Выбери любимый жанр

Танго под палящим солнцем. Ее звали Лиза (сборник) - Арсеньева Елена - Страница 6


Перейти на страницу:
Изменить размер шрифта:

6

Тротуары чернели от шелковичных ягод, а одесские платаны, называемые также «бесстыдницами», раздевались особенно откровенно и то и дело с шумом и даже грохотом роняли обломки своей жесткой коры на тротуары, на головы прохожих и на автомобили, вызывая у их владельцев привычно-усталые и довольно философские восклицания. Алёна шла, куда-то сворачивая, по каким-то улицам поднимаясь, по каким-то — спускаясь, читая вывески, восхищаясь красотой названий (Военный спуск! Польский спуск! Лонжероновская улица! Греческая улица!), очень надолго зависла перед афишами Оперного театра (Опери та балету). Ей хотелось сходить на какой-нибудь спектакль, осталось только выбрать, будет это «Спляча красуня», «Лискунчик», «Князь Iгор» или «Бiлоснiжка та сiмь гномiв». Ну что ж… наверное, хохлы тоже валяются под какими-нибудь москальскими вывесками в судорогах смеха!
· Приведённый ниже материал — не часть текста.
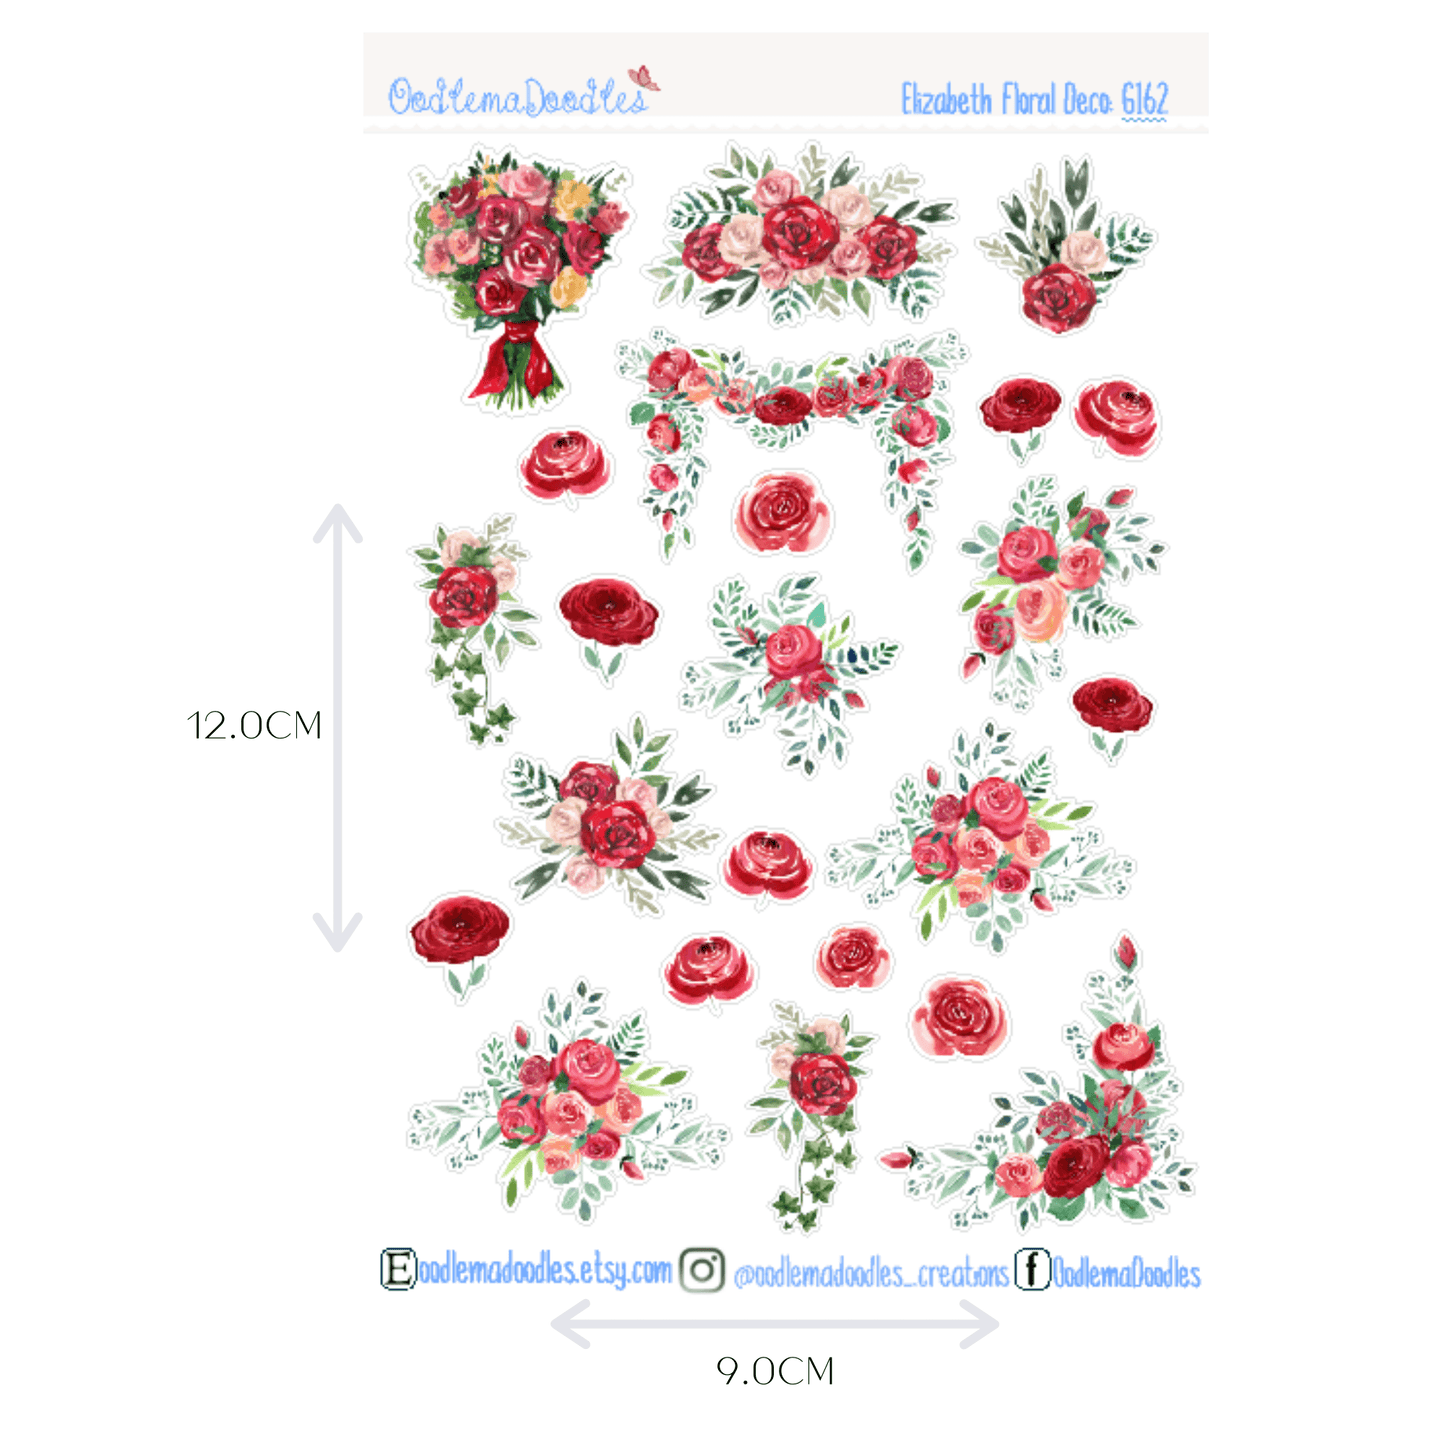 Elizabeth Floral Decorative Stickers - oodlemadoodles

Наконец захотелось есть. Великолепное одесское мороженое не насыщало, а только вызывало желание съесть его как можно больше. Пора было направить стопы к Привозу. Алёна недолюбливала общепит, а потому решила купить домашней брынзы, помидоров, фруктов и поесть в гостинице. Она пошла по Пушкинской… здесь как-то особенно сильно свистели шины автомобилей по старой, изношенной мостовой. Можно представить, какой грохот стоял здесь в «ранешние времена», когда цокали копытами лошади и грохотали колесами извозчичьи пролетки! И где теперь те извозчики, те лошади и те пролетки? А мостовая — вот она.

Алёна шла и шла, пересекая улицы Греческую, Бунина, Жуковского, Еврейскую, Троицкую, Успенскую, Базарную, Большую Арнаутскую и Малую Арнаутскую, порой принимаясь озираться с восторженным выражением лица… но вот перед ней открылся Привоз, и она почти ошалела от этого феерического зрелища.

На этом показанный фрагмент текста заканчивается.